OFFSET
0,1
COMMENTS
A mathematical game for kids suggested by Peter Luschny on the SeqFan list:
Start with n and then (cumulatively) add m = n, n+1, n+2, ... until a prime p = T(m) - n(n-3)/2 is reached. The only n which never yields a prime is n = 3.
LINKS
M. F. Hasler, Table of n, a(n) for n = 0..9999
Peter Luschny, Hopping for primes, SeqFan list, Dec 13 2019.
EXAMPLE
Starting with n = 0, we add 0: sum = 0, not prime, then 1: sum = 1, not prime, then 2: sum = 3, a prime, so a(0) = 3.
Starting with n = 1, we add 1: sum = 2, a prime, so a(1) = 2.
Starting with n = 2, we add 2: sum = 4, not prime, then 3: sum = 7, a prime, so a(2) = 7.

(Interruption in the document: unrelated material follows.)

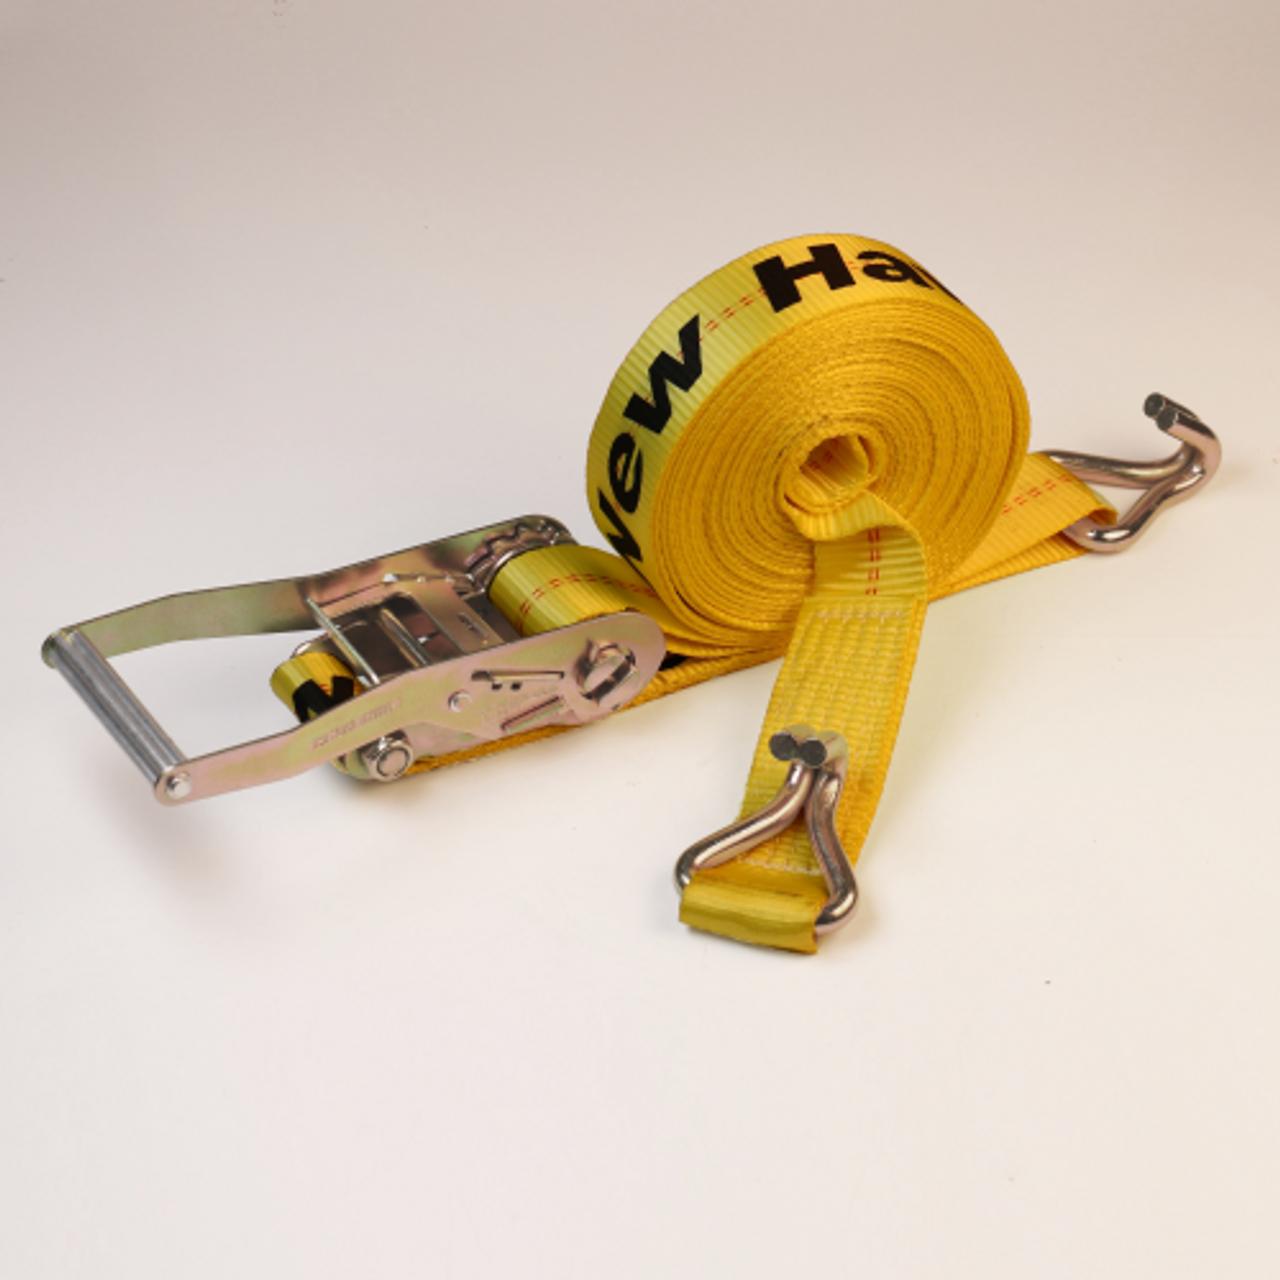 New Haven's Flatbed tiedown M10 ratchet strap, 2" x 30' with wire formed hooks. Working load limit 3,335 lbs. - Yellow

Starting with n = 3 = T(2) = 2(2+1)/2 (triangular number, cf. A000217), we add 3 to get T(2) + 3 = T(3) = 6, then 4 to get T(3) + 4 = T(4) = 10, and so on. A triangular number T(n) = n(n+1)/2 > 3 is never prime, since either product of n and (n+1)/2, or product of n/2 and n+1. So a(3) = 0.
MATHEMATICA
Array[If[# == 3, 0, Block[{m = #, p}, While[! PrimeQ[Set[p, m (m + 1)/2 - # (# - 3)/2]], m++]; p]] &, 64, 0] (* Michael De Vlieger, Dec 16 2019 *)
PROG
(PARI) apply( {A330501(n, p=n)=if(n!=3, while(!isprime(p+=n), n++); p)}, [0..399])
CROSSREFS
KEYWORD
nonn
AUTHOR
M. F. Hasler, following an idea of Peter Luschny, Dec 16 2019
STATUS
approved